Regex.ai is an AI-powered tool that generates regular expressions. It can accurately generate regular expressions that match specific patterns in text with precision. Whether you're a novice or an expert, Regex.ai's intuitive interface makes it easy to input sample text and generate complex regular expressions quickly and efficiently. Overall, Regex.ai is a game-changer that will save you time and streamline your workflow.
AdieuToLogic · 2 years ago
> Regex.ai is an AI-powered tool that generates regular expressions.

Or, just write regular expressions?

> ... Regex.ai's intuitive interface makes it easy to input sample text and generate complex regular expressions quickly and efficiently.

See: https://www.ibm.com/topics/overfitting

Inputting the sample text:

  foo bar baz
  baz bar foo
And highlighting the first "baz" produced patterns which all had "[A-Z][a-z]*@libertylabs\\.ai" included, assumedly due to the default inclusions.

Removing those and highlighting the second "baz" resulted "<Agent B>" as the results in one case.

There is no explanation of any patterns generated. If a person is to use one of the generated patterns and Regex.ai is supposed to "save you time and streamline your workflow", no matter "[w]hether you're a novice or an expert", then some form of verification and/or explanation must exist.

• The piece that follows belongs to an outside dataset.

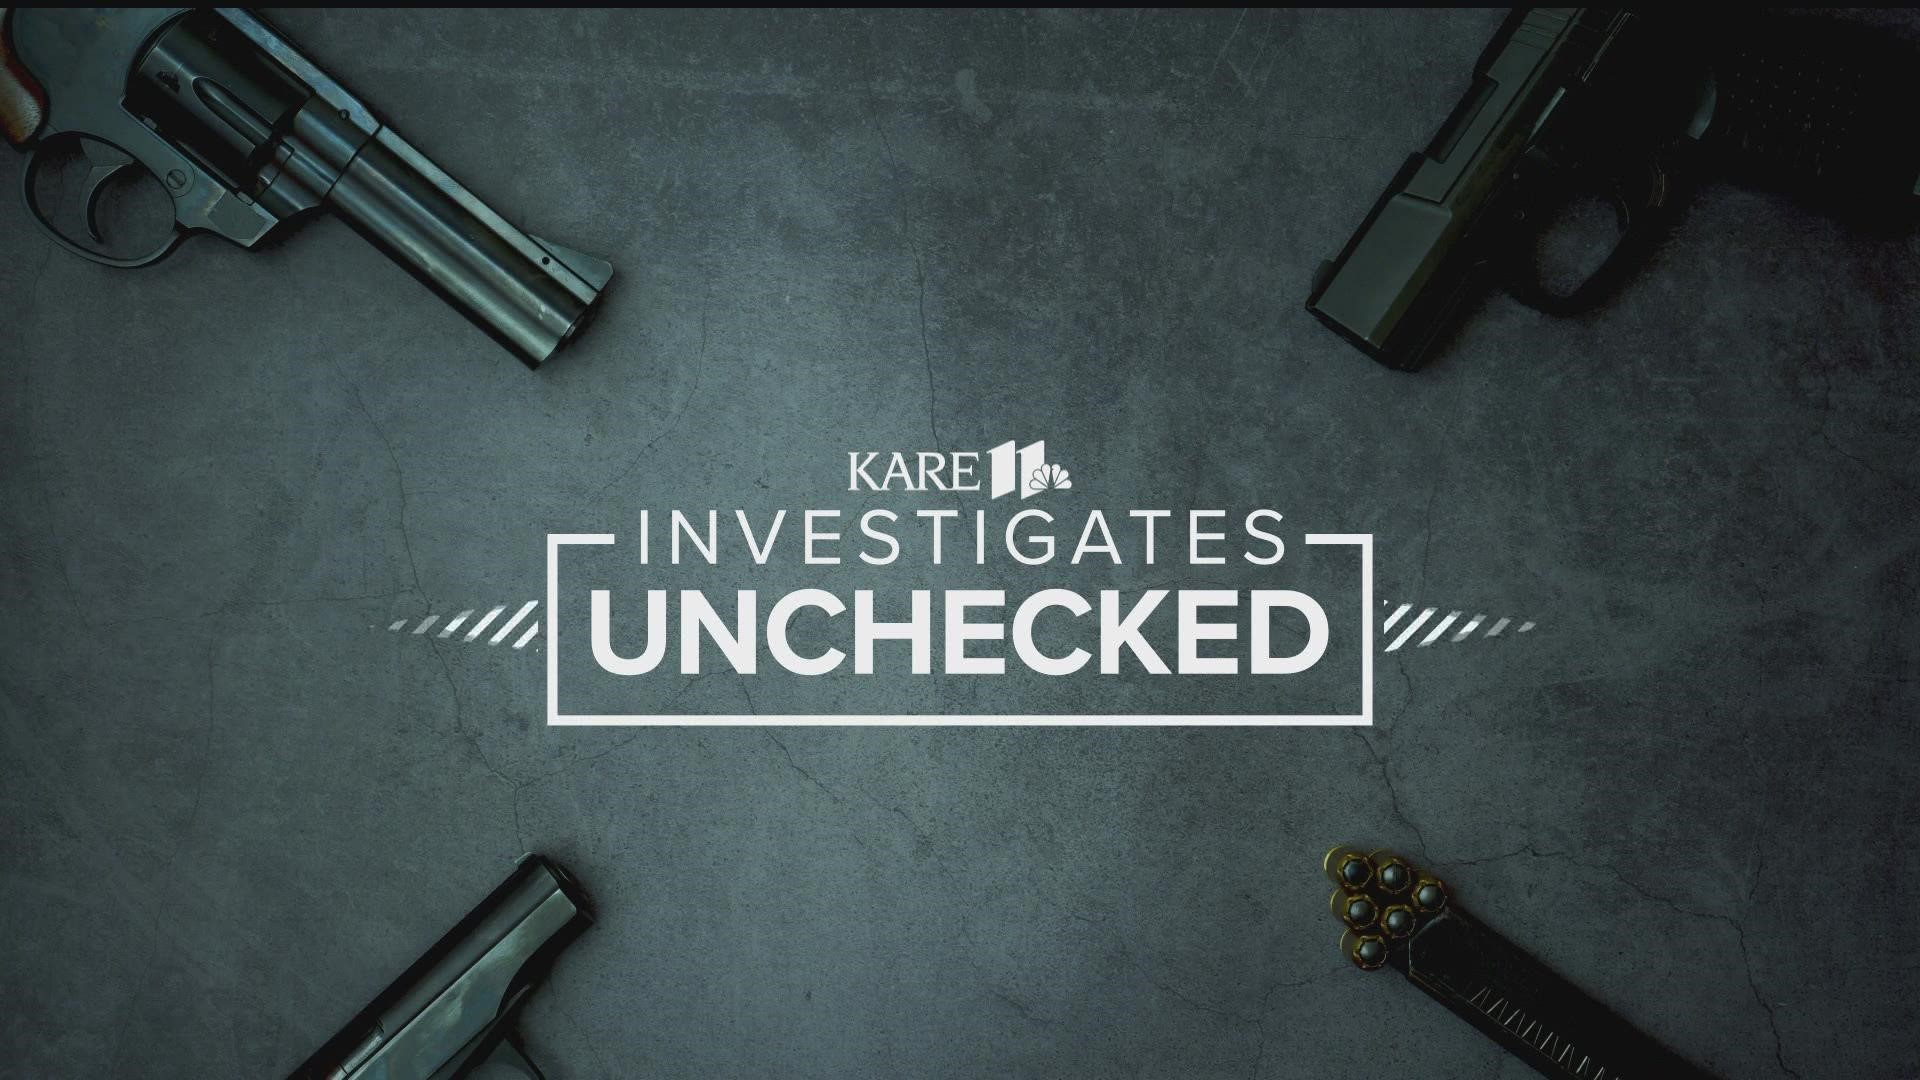 A KARE 11 investigation exposes a major flaw in the nation’s ability to track and recover stolen guns.

Otherwise, a person must know how to formulate regular expressions in order to determine which, if any, of the presented options are applicable. And if a person knows how to formulate regular expressions, then why would they use Regex.ai?

anileated · 2 years ago
I often find it faster to write something from scratch rather than to work with someone else’s code to fix it. In the latter case I need to understand the intent, the whys behind the choices.

Well guess what, LLM-generated code is someone else’s code: an amalgamation derived from many peoples’ code. Except those people are ‘helpfully’ “abstracted away” from you by the middleman, so you can’t know their original intents and choices. What’s worse, it’s someone else’s code that will be treated as your code—unlike working with a legacy system that everyone knows was written by some guy, in this case any bugs will be squarely on you.

AdieuToLogic · 2 years ago
This offering, and the other half-dozen like it this past week or so, is like giving a kid a flamethrower.

It's all fun and games until they burn down your house.

> ... I need to understand the intent, the whys behind the choices.

As do I.

And that is something ChatGPT-X (for any given X) cannot provide, regardless of whether or not what is produced is correct. Perhaps with some form of backward chaining[0] a ChatGPT-X someday can explain how it arrived at what was produced works.

But "the why" is the domain of people.

0 - https://en.wikipedia.org/wiki/Backward_chaining

cuuupid · 2 years ago
It's even worse. When working with someone else's code e.g. StackOverflow there's a reputation system gating people from the platform and incentivizing them to provide correct answers. You can reasonably expect that someone else's code has at least been thought through to some extent to solve the problem at hand, and very likely tested.

With LLM-generated code, especially ChatGPT-style decoder models, none of that is true. All of the posts and comments I see about it here seem to be anecdotes "it can do all of my job for me" yet asking it to write the simplest code creates several issues on my end.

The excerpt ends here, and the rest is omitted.